Compared with saline group, the PaO2 and SaO2 of arterial blood gas were decreased in BLM group (P < 0.01), whereas PaCO2 had a rising trend without statistically significant (P > 0.05). PH and Lac had little change among three groups. By PDX posttreatment, PaO2 and SaO2 were increased (Fig. 4).

Figure 4: Posttreatment with PDX improved blood gas exchange after BLM administration.
figure 4

Mice were treated with saline or bleomycin (BLM) intratracheally (i.t.) at 2.0 mg/kg on day 0. From day 8, posttreatment with Protectin DX (PDX) (1 μg/mouse) intraperitoneally (i.p.) followed by boosted 100 ng/mouse every two days. Arterial blood-gas analysis was prepared for mice on day 21 after BLM administration. The parameters include PH(A), SaO2(B), PaO2(C), PaCO2(D), Lac(E). Data are presented as mean ± SEM. ns: not significant, *P < 0.05. n = 5.

PDX ameliorated the body weight loss and improved mice survival rate after BLM instillation

To assess the protective effects of PDX treatment, mice were injected with BLM at a dose of 3.0 mg/kg in order to induce a strong lung injury and a significant mortality among mice. To get a better understanding of this process, we recorded the changes of body weight daily among the three groups (Fig. 5A). Survival rate analysis was used to evaluate the effect of PDX (Fig. 5B). The survival rate was promoted by PDX in a dose-dependent manner with a concentration of 1μg/mouse producing a maximal effect (see Supplementary Fig. S1). As observed, posttreatment with PDX ameliorated the body weight loss and the death of BLM-treated mice (P < 0.01).

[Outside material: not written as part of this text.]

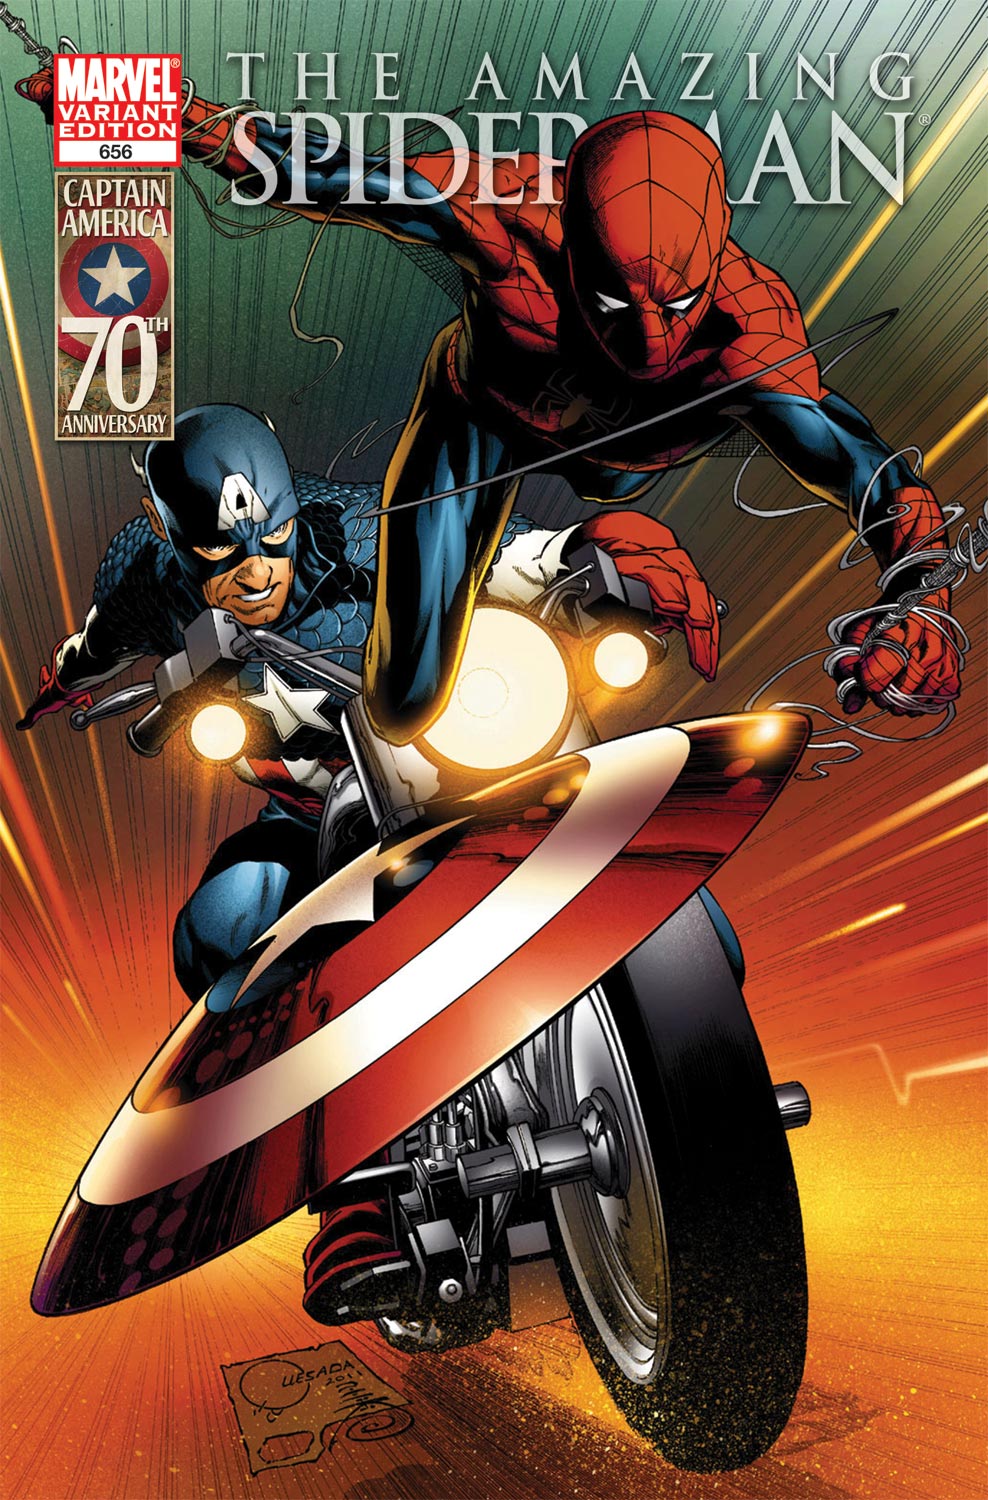 Amazing Spider-Man (1999) #656 (CAPTAIN AMERICA 70TH ANNIVERSARY VARIANT)
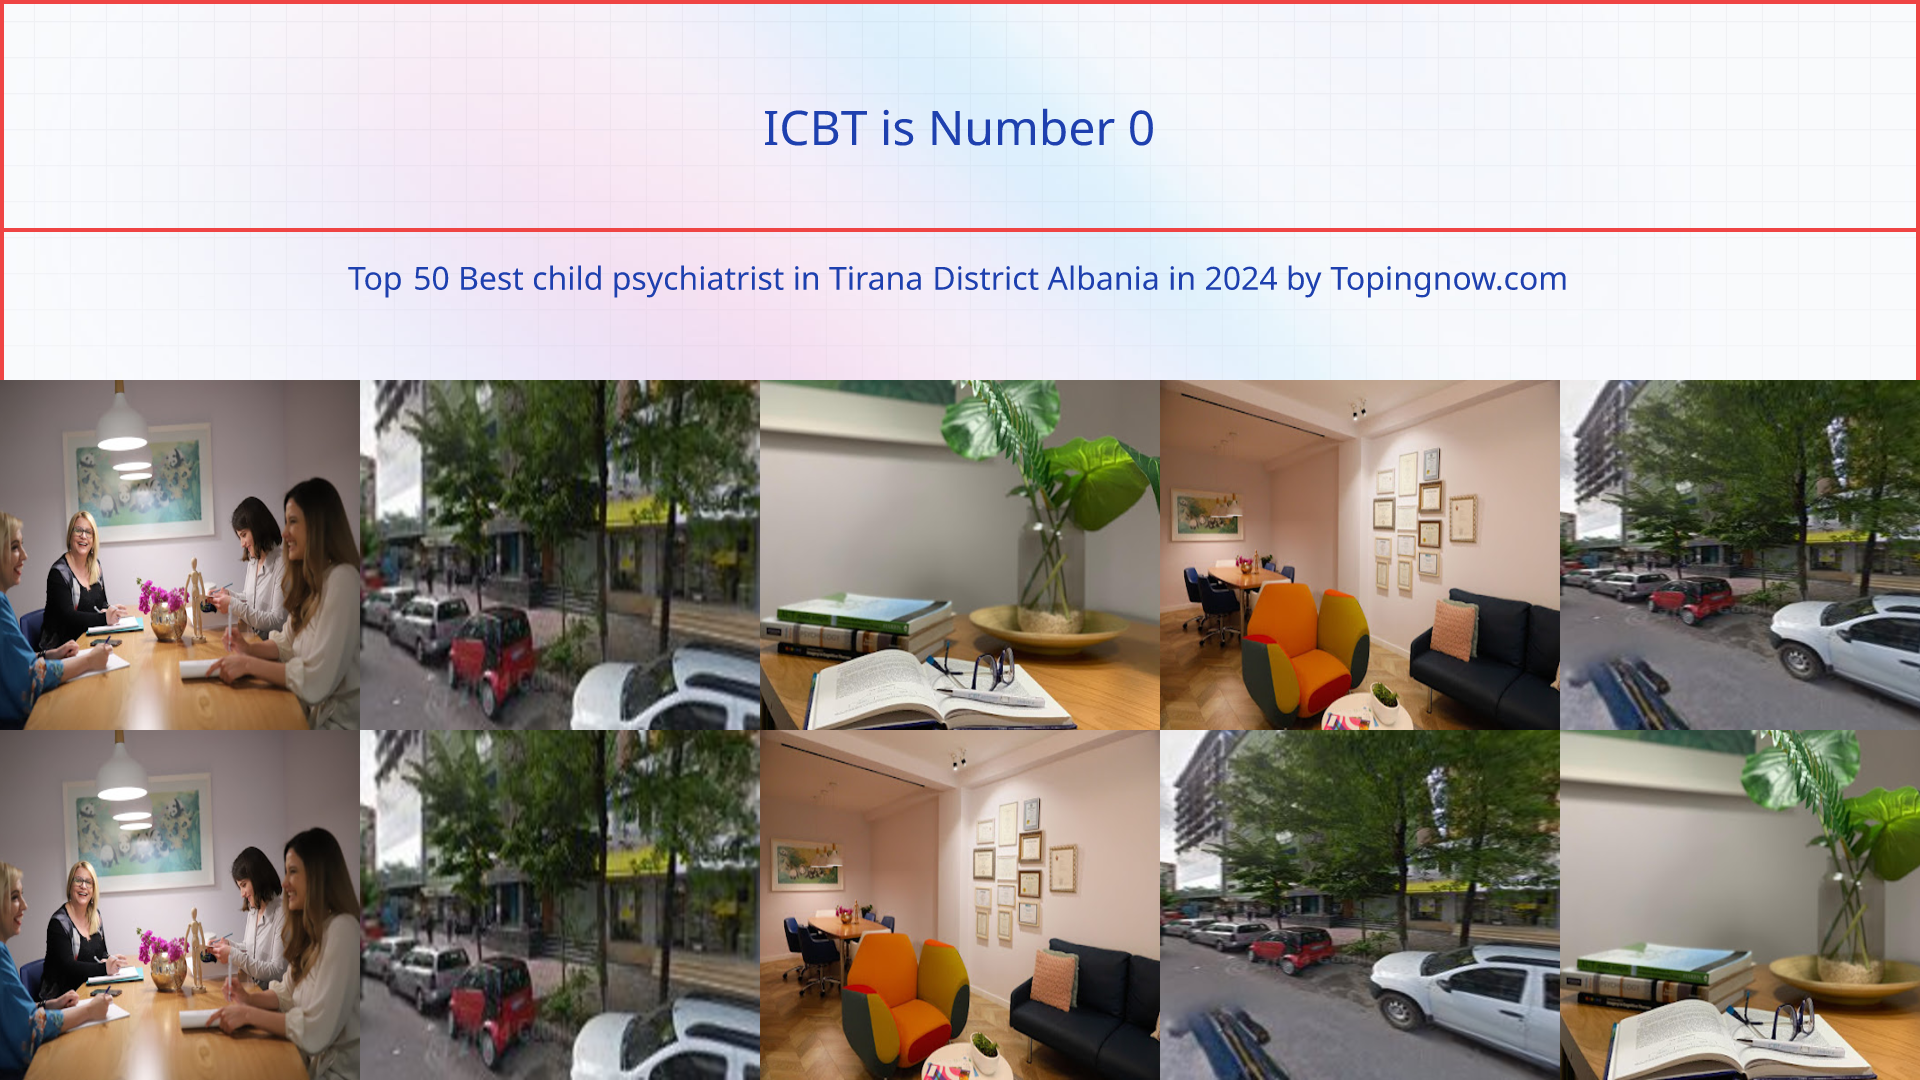 ICBT: Top 50 Best child psychiatrist in Tirana District Albania in 2024

Figure 5: PDX ameliorated the body weight loss and improved mice survival rate after BLM instillation.
figure 5

Mice were treated with saline or bleomycin (BLM) intratracheally (i.t.) at 3.0 mg/kg on day 0. From day 8, posttreatment with Protectin DX (PDX) (1 μg/mouse) intraperitoneally (i.p.) followed by boosted 100 ng/mouse every two days. n = 13 for each experimental group. (A) All the body weight of mice in survival analysis was shown. (B) Survival curve of the mice was shown. Data was expressed as percentage of mice alive at each time point. Log-rank (Mantel-Cox) test, **p < 0.01. Data are presented as mean ± SEM.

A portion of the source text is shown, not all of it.